## Problem 26 Section 5.1

Recall that we set t_n to be the number of ternary strings of length n which do contain 00 or 11. We were trying to develop a recurrence relation for the sequence t_n.

It turns out that the book's answer was right (thus mine wrong) and thanks to Mr. Kenworthy for indicating the problem in class. My apologies to everyone but you will see that the ideas we discussed are all sound there was a little slip at the end.

The expression we are after is

t_n = 2*t_(n-1) + t_(n-2) + 2*3^(n-2)

As I indicated and as we learned in combinatorial proofs, we do not want to really think of these t_n's but rather the sets whose size they represent. Thus in the above expression, t_(n-1) and t_(n-2) should somehow be the collection of ternary strings of length n-1 and n-2 respectively which do contain 00 and 11. Similarly it is natural to remember that 3^(n-2) is the size of the collection of all ternary strings of length n-2. Let us see if we can establish the recurrence relation with these identifications.

To be more formal than I was in class: Let us let T_k denote the actual set of ternary strings of length k which contain either 00 or 11. To prove the above identity, we will divide T_n into several sets (disjoint naturally) and determine the size of these sets.

Let A denote the subset of T_n consisting of those that start with a 2.

Let B denote the subset of T_n consisting of those that start with either 00 or 11.

Let C denote the subset of T_n consisting of those that start with either 02 or 12.

Finally let D denote the subset of T_n consisting of those that start with 01 or 10.

We first check that this collection of subsets of T_n has the property that every member of T_n is in precisely one of them, i.e. they form a partition of T_n.

Now we just want to compute the size of each of them and hope that the above recurrence relation results. Actually this is the cart before the horse. If we can find a nice formula involving only t_(n-1),t_(n-2) etc for the sizes of each of A,B,C,D then we have a recurrence relation. I only gave the answer first to guide us in how to think about the problem. The above partition is also the cart before the horse. We just try to think of nice ways to get all members of T_n by doing something natural to shorter strings in such a way that we can count the sizes.

What is in A? Think about this how best you can: there is a 1-1 correspondence between the members of A (i.e. those members of T_n that start with a 2) and the entire collection T_(n-1). This correspondence is simply REMOVE 2 from the front of the string. Therefore A has the same size as T_(n-1), i.e. size t_(n-1) by the definition of t_(n-1).

Now turn to B. If we take any string of length n-2 and stick either 00 or 11 in front of it, we get a member of B. Therefore B is the disjoint union of those that start with 00 and those that start with 11 and both of these obviously have size 3^(n-2) since each can be put in 1-1 correspondence with the collectioin of ALL ternary strings of length n-2. Thus B has size 2*3^(n-2).

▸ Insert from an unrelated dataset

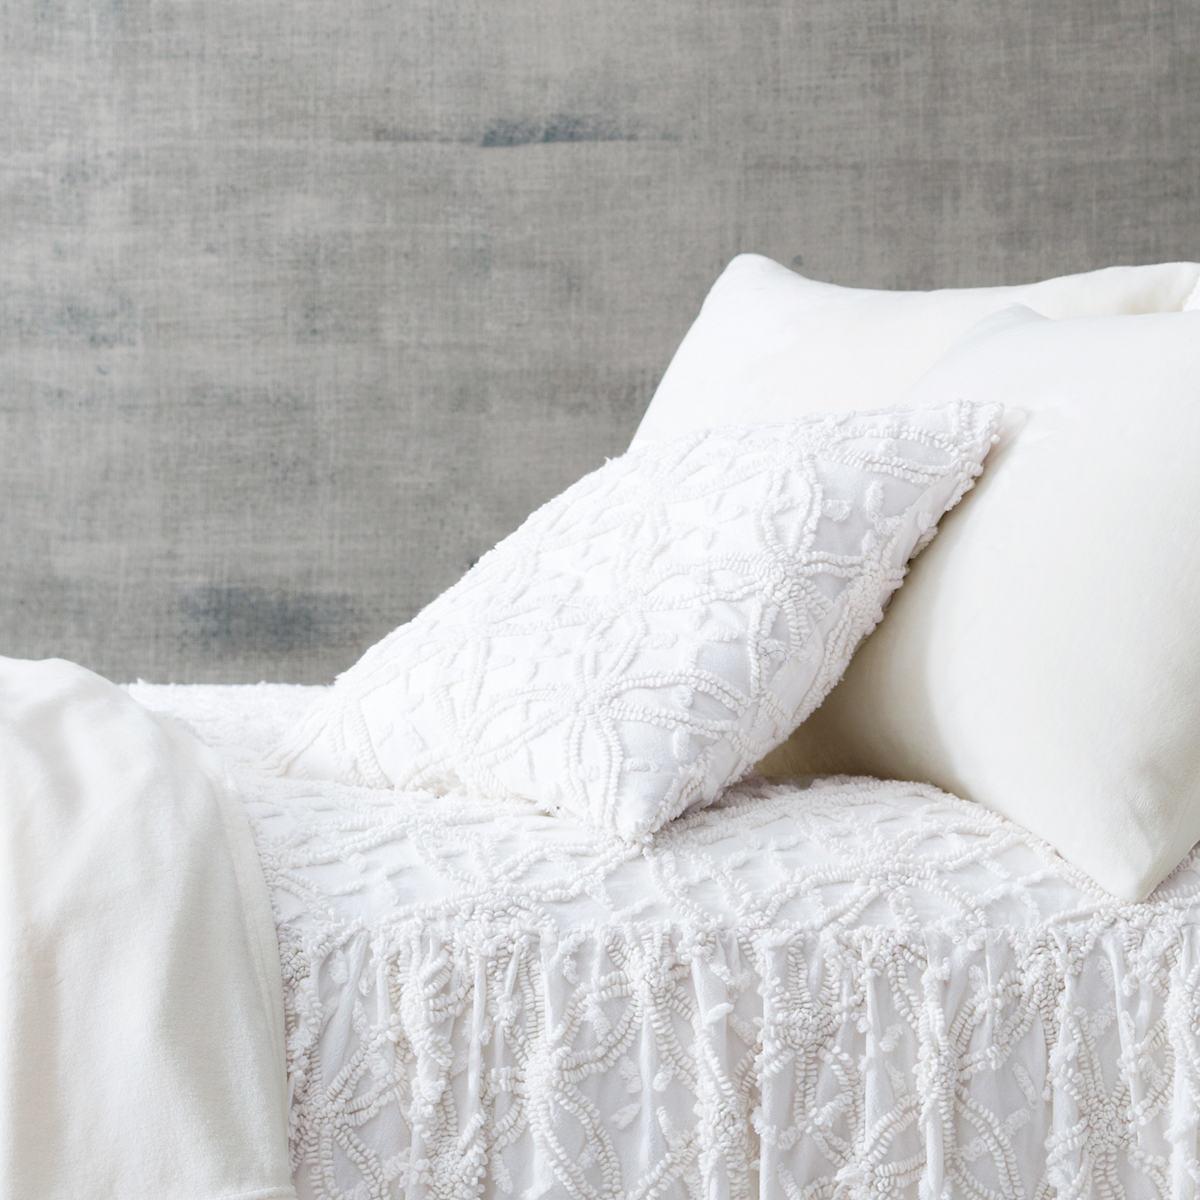 Candlewick Dove White Decorative Pillows

What about C. We also partition C into 2 sets, those that start out 02 and those that start out 12. Each of these subsets can be put in 1-1 correspondence (just by removing the first two digits) with T_(n-2). Why? Well a string that starts out 02 for example and is in T_n must have either 00 or 11 occuring from position 3 or later, therefore the removal of 02 results in a member of T_(n-2). Also conversely, take any member of T_(n-2) and stick 02 at the front and we end up with a member of T_n, hence C. This verifies the correspondence and the fact that C has size 2*t_(n-2).

Finally we come to the tricky one: D. I had the right idea in class but I just stupidly started thinking about bit strings instead of ternary strings.

Anyway, D consists of those that start out 01 or 10 and we want to count them. As we said if we take a string starting out with 01 and then having n-2 more terms we obviously cannot assume that the remaining n-2 terms contain a 00 or a 11 since we could have a string like 0112222222.
I said let's take any string from T_(n-1) and if it starts with a 1 put a 0 in front (to get a string starting with 01) whereas if it starts with a 0 put a 1 in front (to get a string starting with 10). Whoops, what if it starts with a 2? Well these were already counted in our 02 and 12 set C so we can't count them again. But, we know how many there are! So just take those members of T_(n-1) that start with either a 0 or a 1, for each one of these stick the opposite bit at the front. In this way we can see we get a 1-1 correspondence between the members of T_n which start out with either 10 or 01.
Fortunately, it is easy to count how many members of T_(n-1) start with either a 0 or a 1. Just count those that start with a 2!. By our argument for the set C we already know there are t_(n-2) that start with a 2. Thus there are t_(n-1) - t_(n-2) that start with a 0 or a 1. This then is the size of D.

Finally we get t_n = |T_n| = |A| + |B| + |C| + |D| = t_(n-1) + 2*3^(n-2) + 2*t_(n-2) + (t_(n-1) - t_(n-2) ). Hooray.